● **ACTIVITY**
As an exercise in exact copying, transcribe the lines below from the one holding "If you do not" through the last, with both ends included and pictures left out.

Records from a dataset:
┄┄┄┄┄┄┄┄┄┄┄┄┄┄┄┄┄┄┄┄
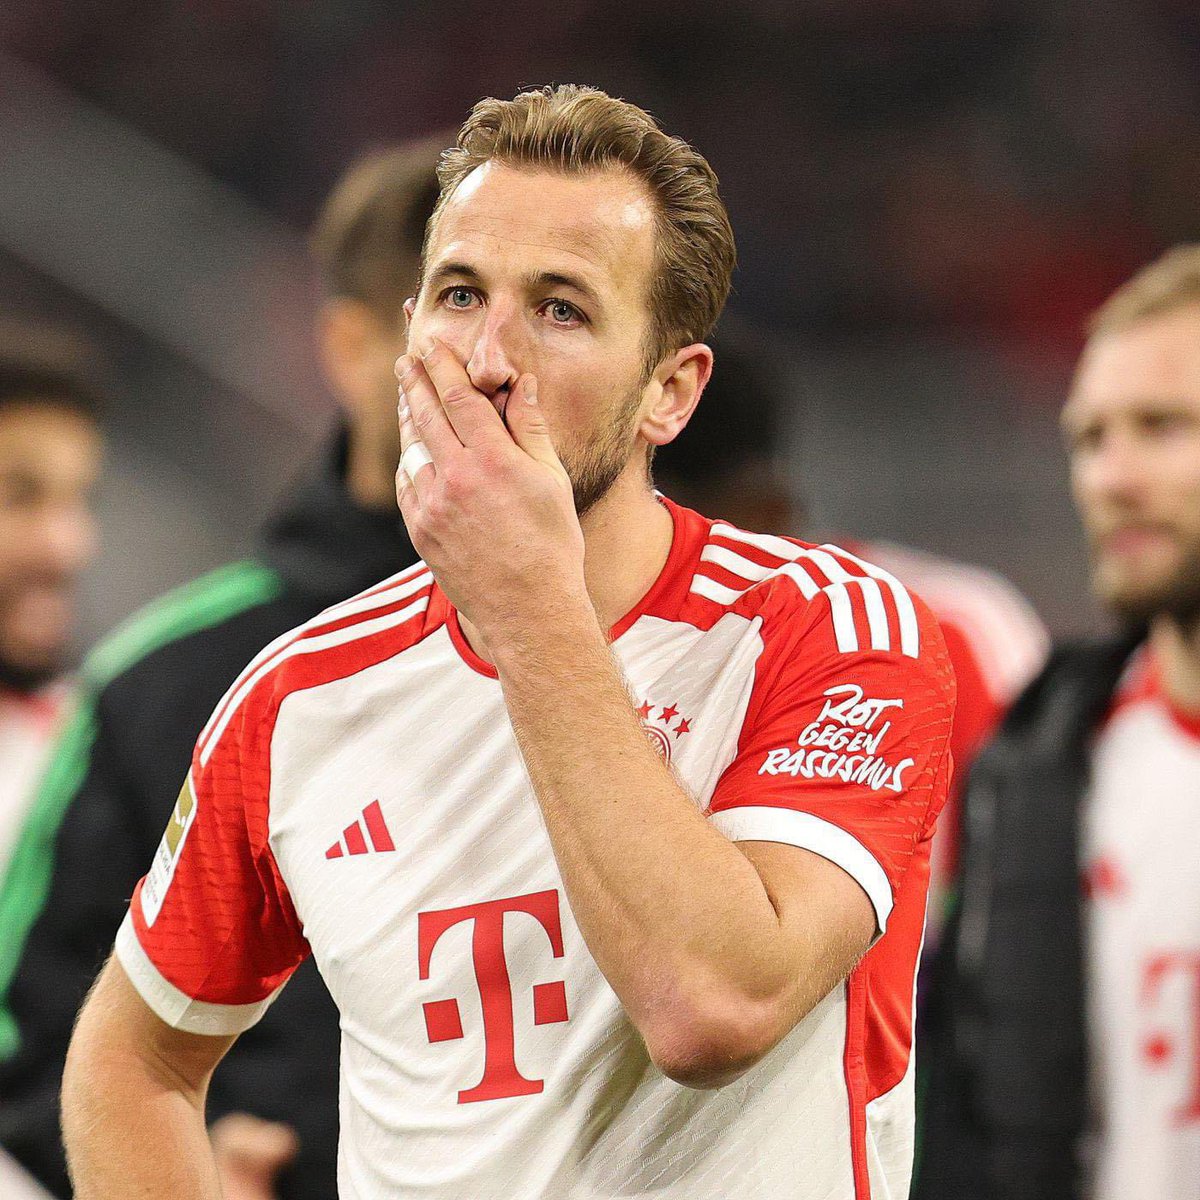 ❌ Bundesliga ❌ Champions League ❌ DFB Pokal Harry Kane's trophy drought continues! Despite another strong season, the 30-year-old forward ends the campaign without any major titles.. 😞 #SportDm #RMAFCB
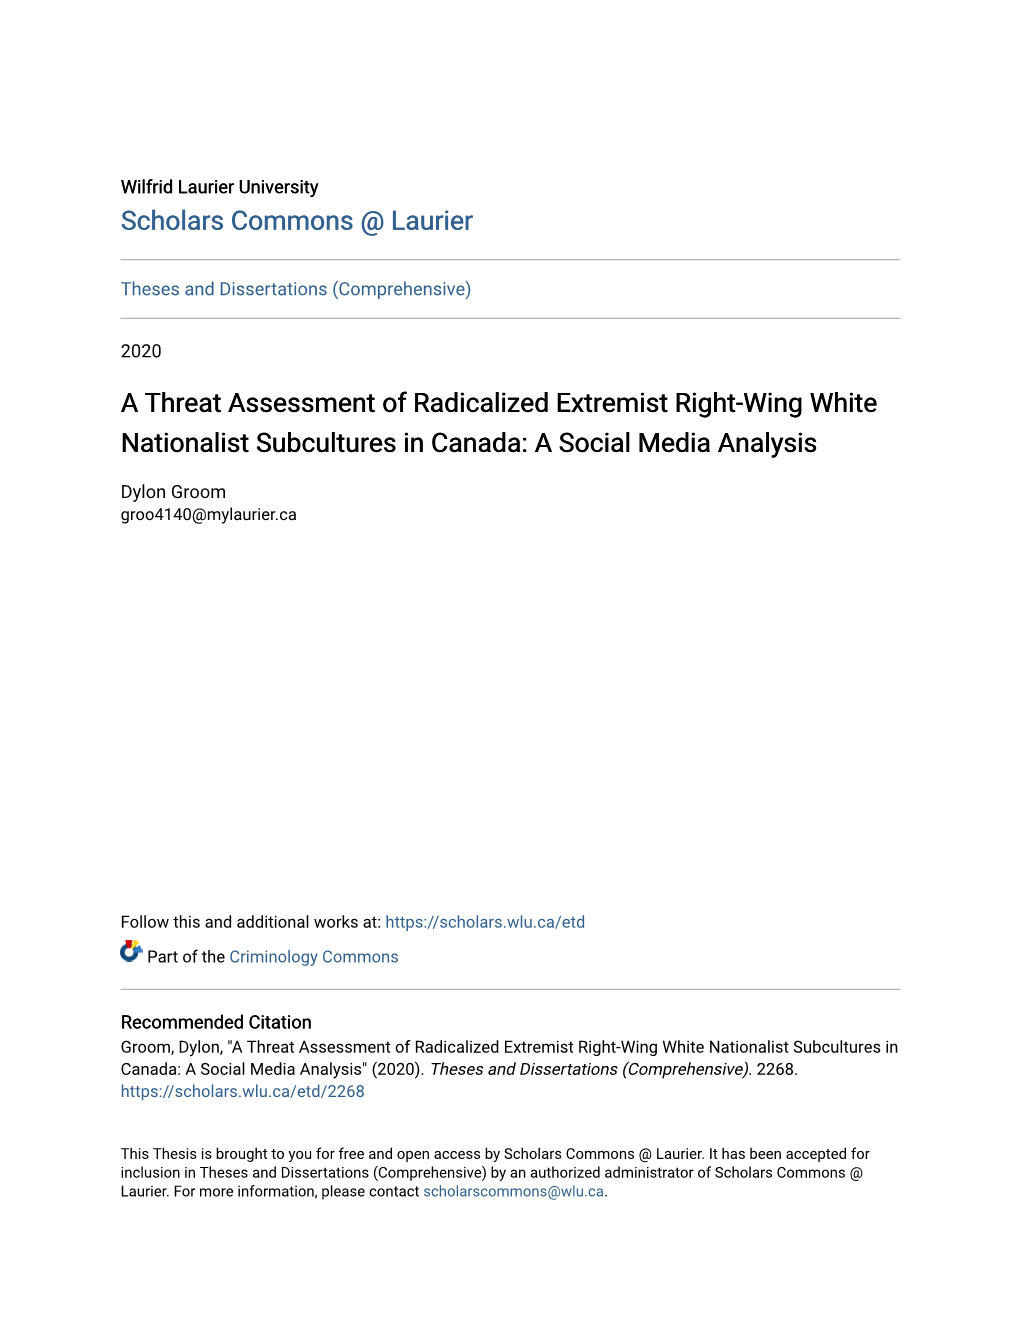 A Threat Assessment of Radicalized Extremist Right-Wing White Nationalist Subcultures in Canada: a Social Media Analysis
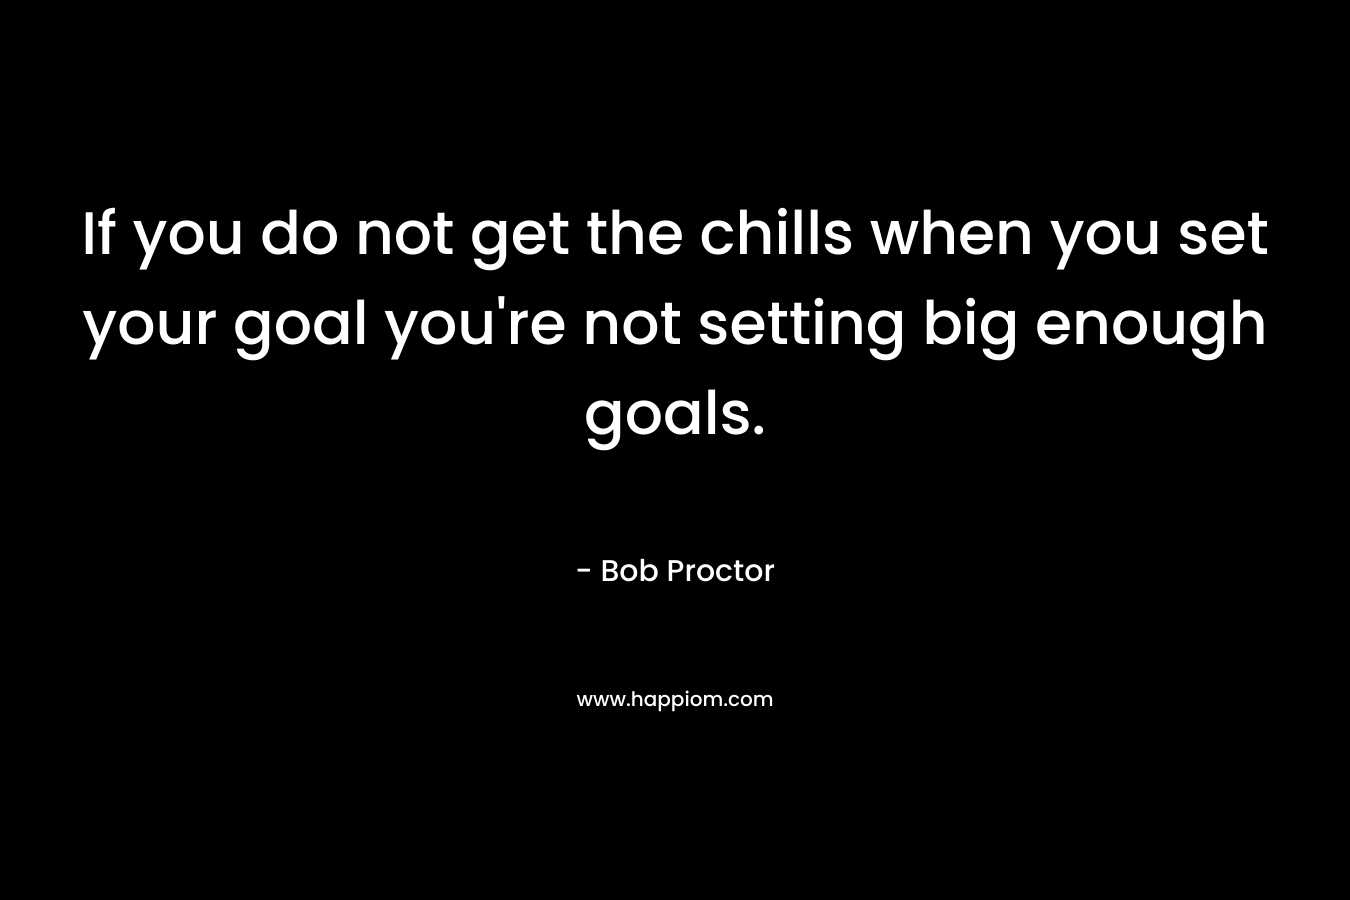 If you do not get the chills when you set your goal you’re not setting big enough goals. – Bob Proctor
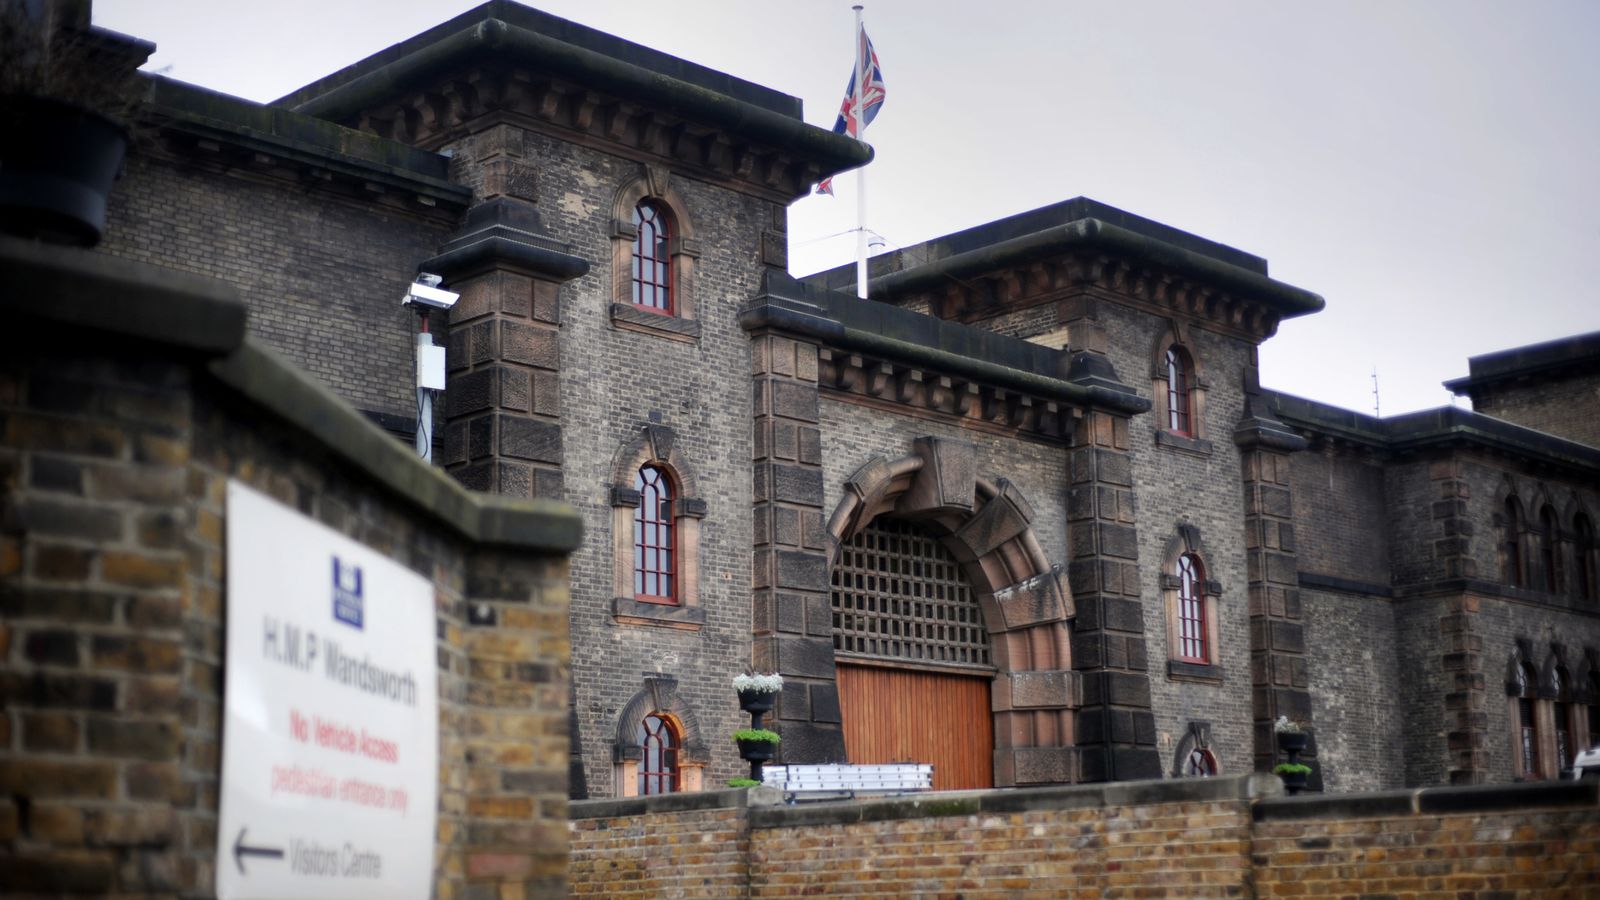 Inmate in critical condition after HMP Wandsworth stabbing | UK News
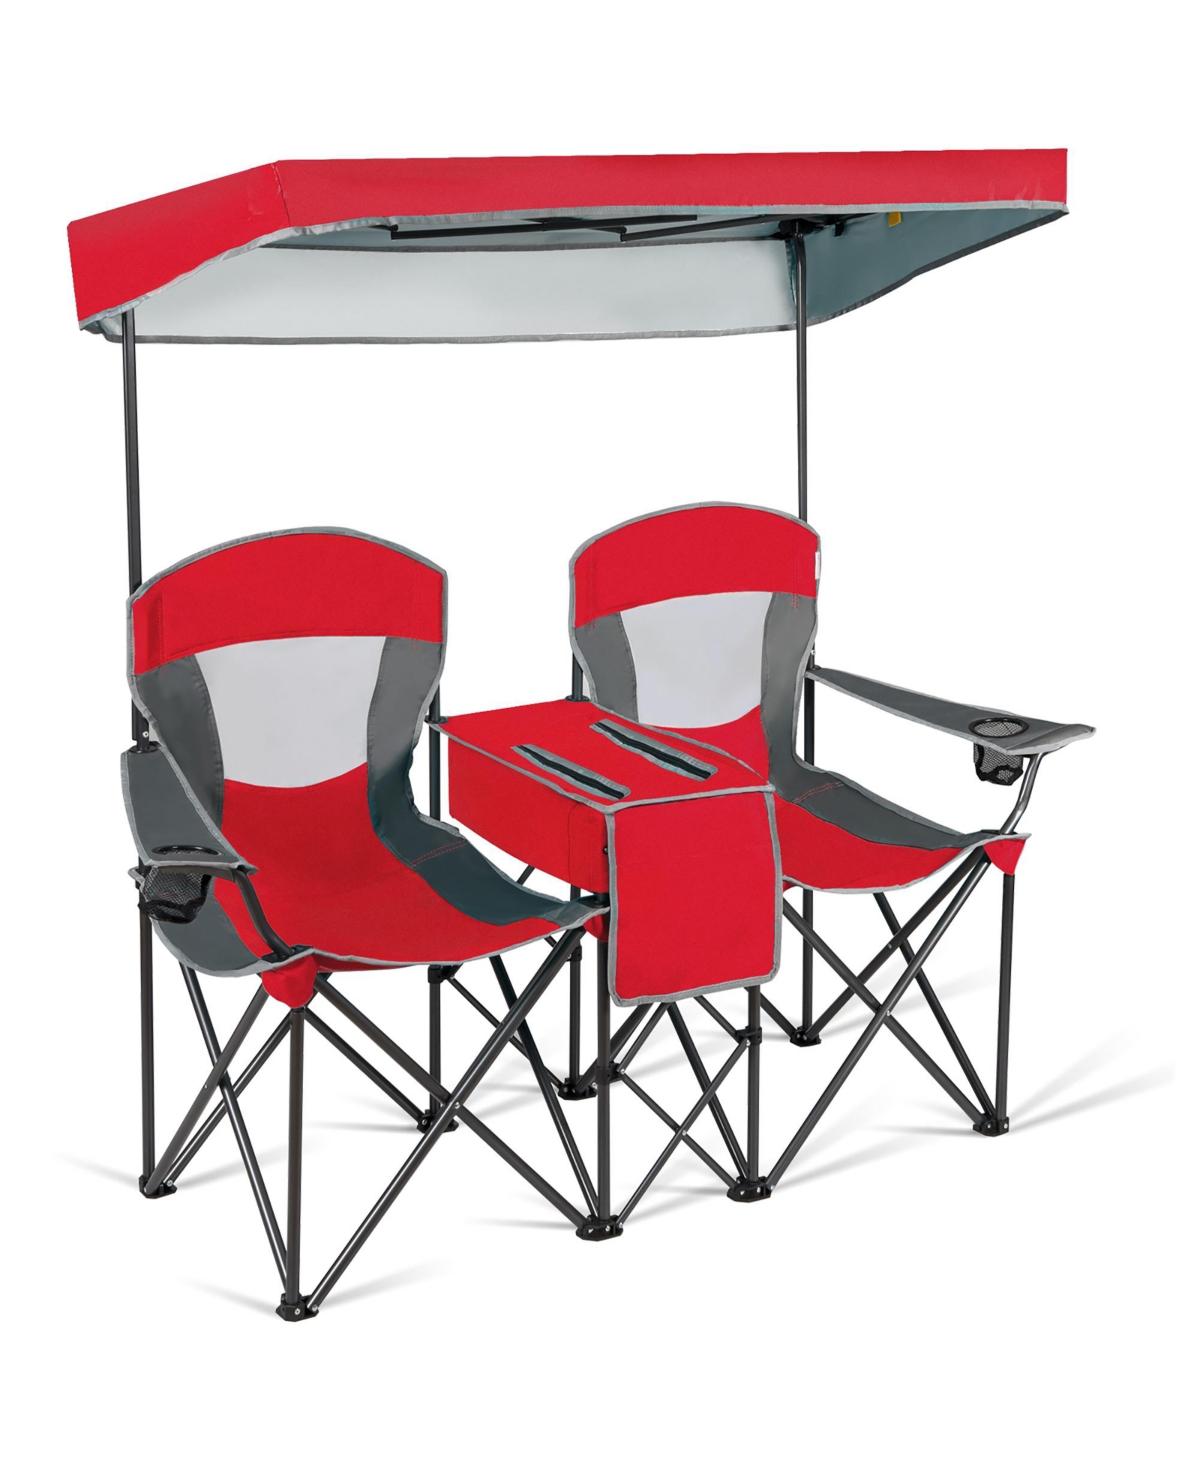 Portable Folding Camping Canopy Chairs w/ Cup Holder Cooler - Red
┄┄┄┄┄┄┄┄┄┄┄┄┄┄┄┄┄┄┄┄
● **THE ANSWER**
 If you do not get the chills when you set your goal you’re not setting big enough goals. – Bob Proctor
 Inmate in critical condition after HMP Wandsworth stabbing | UK News
 Portable Folding Camping Canopy Chairs w/ Cup Holder Cooler - Red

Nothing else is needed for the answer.